[Exercise]:
An exact copy of the listing is required, with its pictures removed.

[Supplied data]:
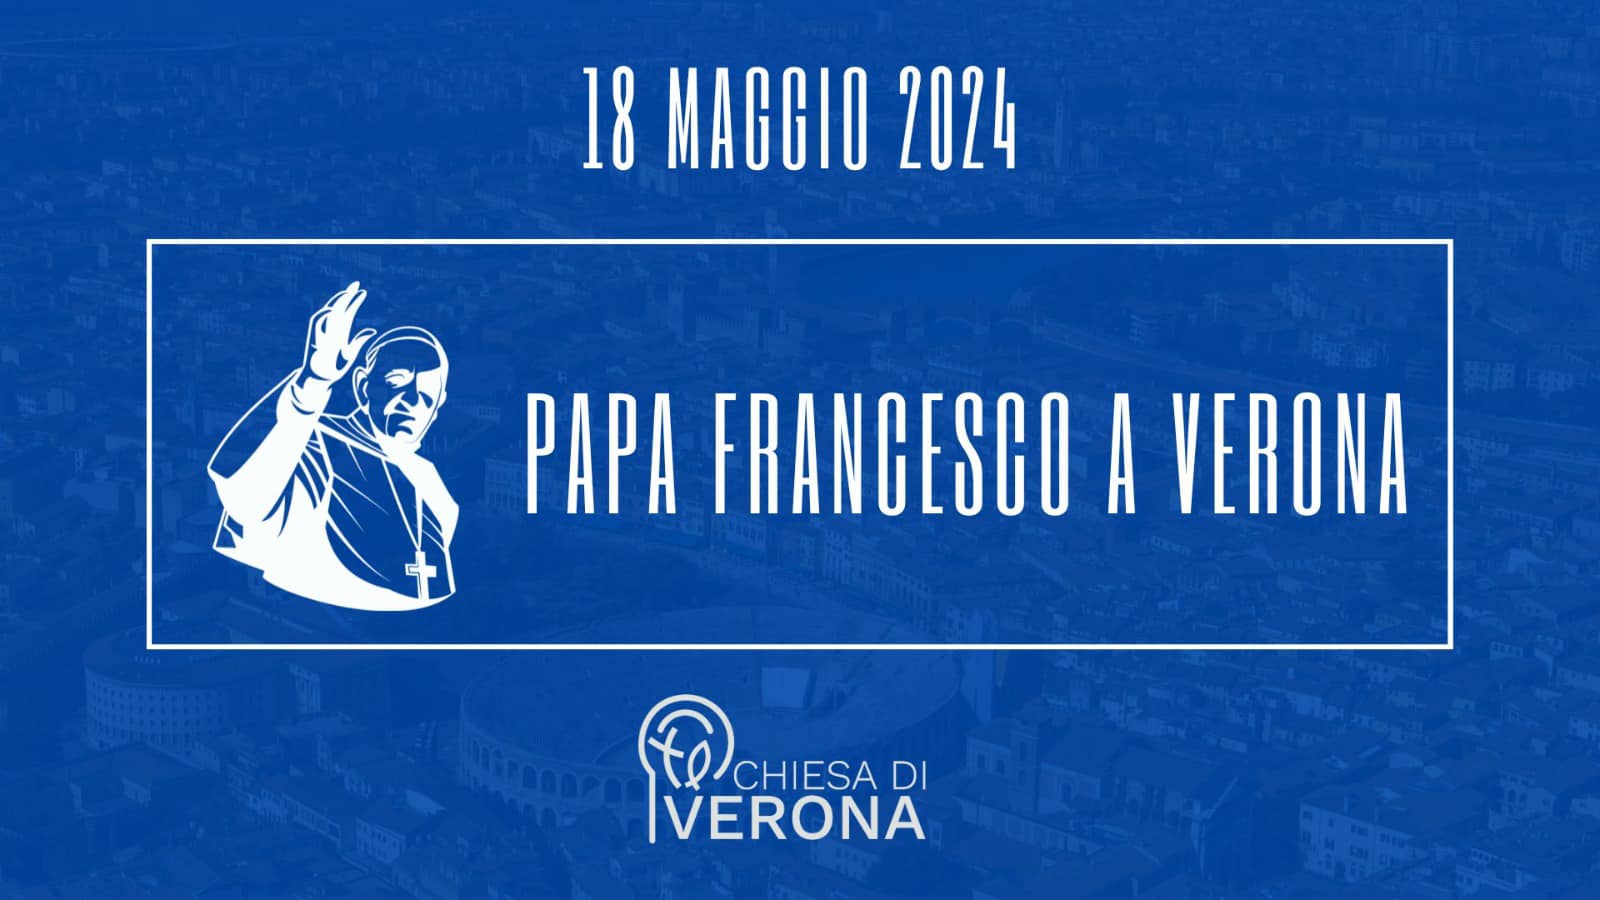 𝗣𝗮𝗽𝗮 𝗙𝗿𝗮𝗻𝗰𝗲𝘀𝗰𝗼 𝗮 𝗩𝗲𝗿𝗼𝗻𝗮 
 A 1650 anni dalla morte del santo pastore e patrono Zeno, papa Francesco sabato 18 maggio 2024 visiterà la Chies…
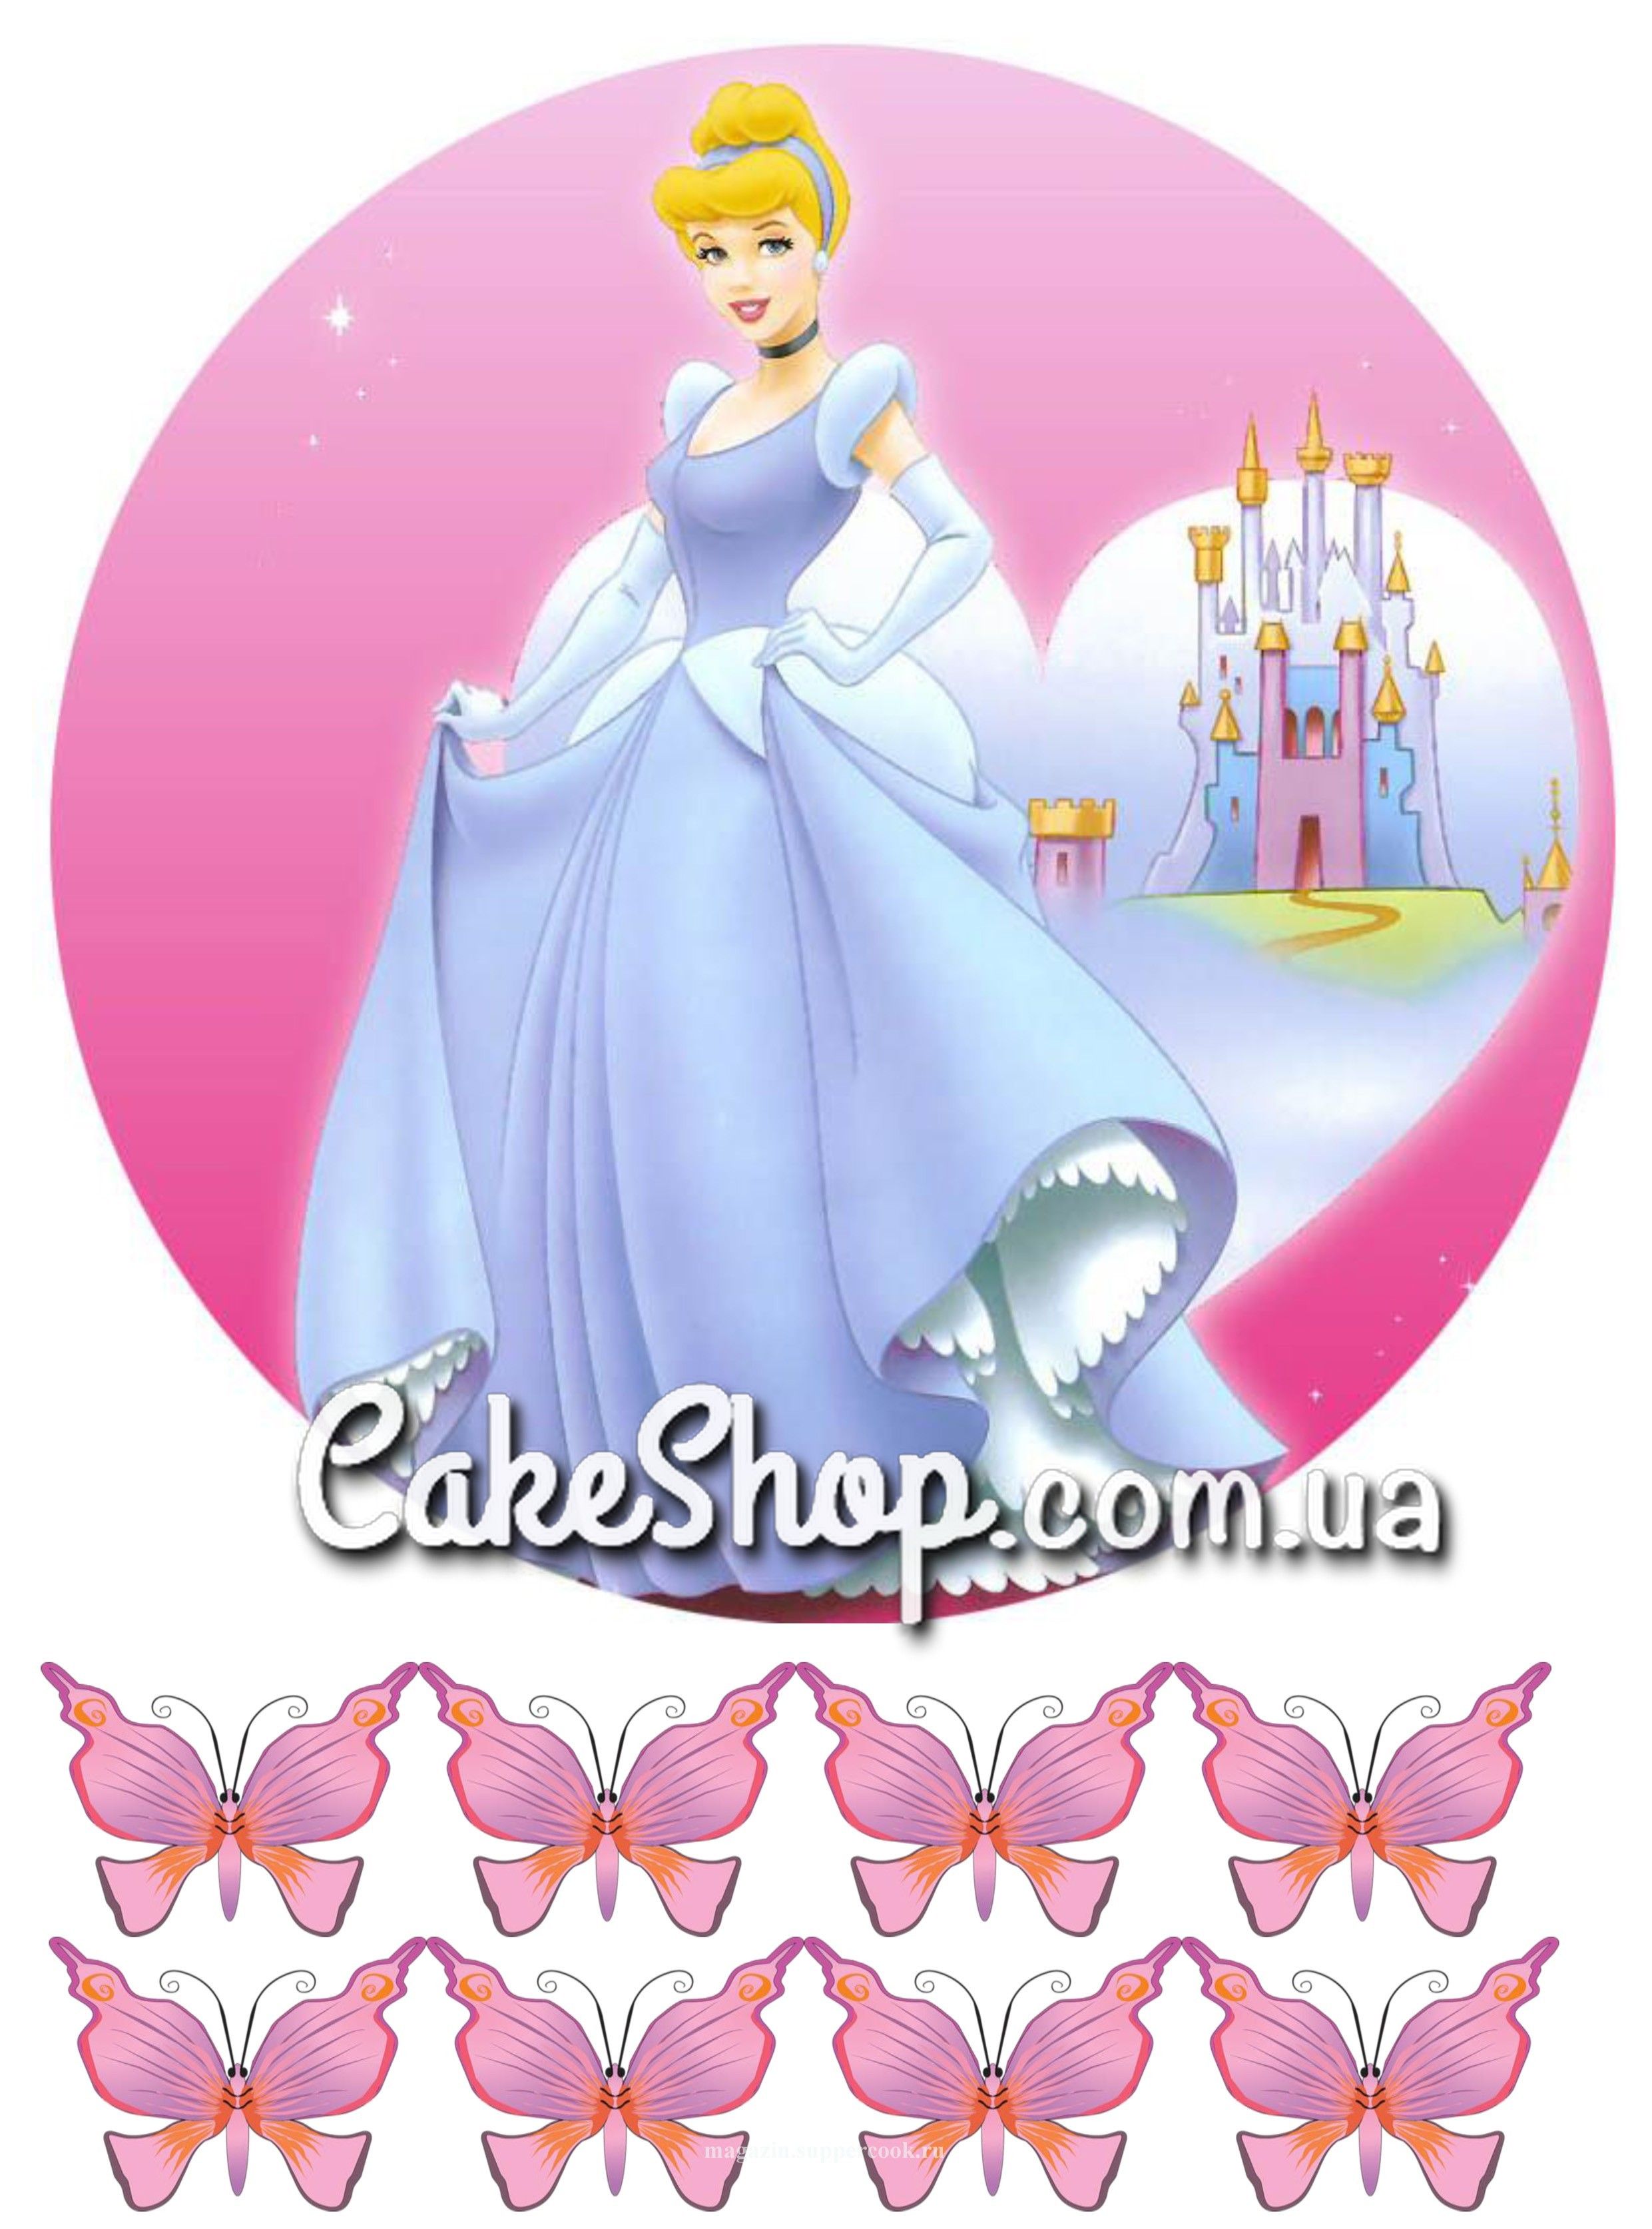 ⋗ Сахарная картинка Принцесса Золушка купить в Украине ➛ CakeShop.com.ua, фото

[Answer for the task]:
 𝗣𝗮𝗽𝗮 𝗙𝗿𝗮𝗻𝗰𝗲𝘀𝗰𝗼 𝗮 𝗩𝗲𝗿𝗼𝗻𝗮 
 A 1650 anni dalla morte del santo pastore e patrono Zeno, papa Francesco sabato 18 maggio 2024 visiterà la Chies…
 ⋗ Сахарная картинка Принцесса Золушка купить в Украине ➛ CakeShop.com.ua, фото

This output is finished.